しかしユユが何か声をかけようとしたとき、それを阻止したのは他でもないアキだった。
「……何かあったら、即見捨てるんだよな?」
「まじで遠慮なく。それで、あとはユユ一人で頑張る!」
「気合いはいいけど不安しかねえ」
可愛く拳を固めるユユの頼れなさが、いい方向に作用したらしい。いいのだが、なんとも嬉しくなかった。
目的地と目標、ついでにやる気も固めた面々に、「あの」と梶が遠慮がちでもなく水を差す。
「一つ、いいですか? ここの名産は絹織物、今も変わらず外に運び出されています。工場が閉鎖し、人が生産に関わらなくなっても尚」
「『白瀬』の力、だったか? ……あぁ、それは確かに、やべえか」
「ええ。『鶴の恩返し』なんていうのは期待しない方がいいでしょう。閉鎖された製糸場はもはや人の領域ではなく、そこで一体、神は何をしているのか──いい情報が手に入りましたら、名刺の番号までご連絡を」
最後に商魂か記者魂だかを発揮し、梶は薄く微笑んだ。美しいのにたくましい女性である。逃げてきたという割には、ぴっちりと縛られた髪やメイクに乱れもほぼ見られず、大変な職業なのだろうとユユはひそかに慄いた。
いろいろと準備万端に整えた荷物を二人が持ったところで、先ほどまでユユが座っていた木箱に腰を下ろしている梶に、アキが尋ねる。

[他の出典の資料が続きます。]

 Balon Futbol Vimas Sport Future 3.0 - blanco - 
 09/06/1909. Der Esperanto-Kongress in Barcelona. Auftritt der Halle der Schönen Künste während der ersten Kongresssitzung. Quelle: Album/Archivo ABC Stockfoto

「アンタは逃げねえの? 別にここが安全だって、俺らも保証できるわけじゃないんだけど」
「先輩が言う……? それ」
「ごっほ、えほっ」
「残りますよ。火事場に行く気はありませんが、祭り──襲名の儀式は見届けたいので。一応、これも案件なんです。提出した原稿が尻切れ蜻蛉では、クライアントにどやされます」
世知辛い理由を告げたあと、梶は「もう時間もないでしょう」とユユたちを外に出るよう促した。ユユはお辞儀し、
「色々っ、教えてくれてありがとうございました」
「アンタも気を付けて」
「はい。──また会いましょ」
開いた南京錠のぶら下がる扉が閉まる寸前、アーモンド形の目が会釈のかたちに細められていた。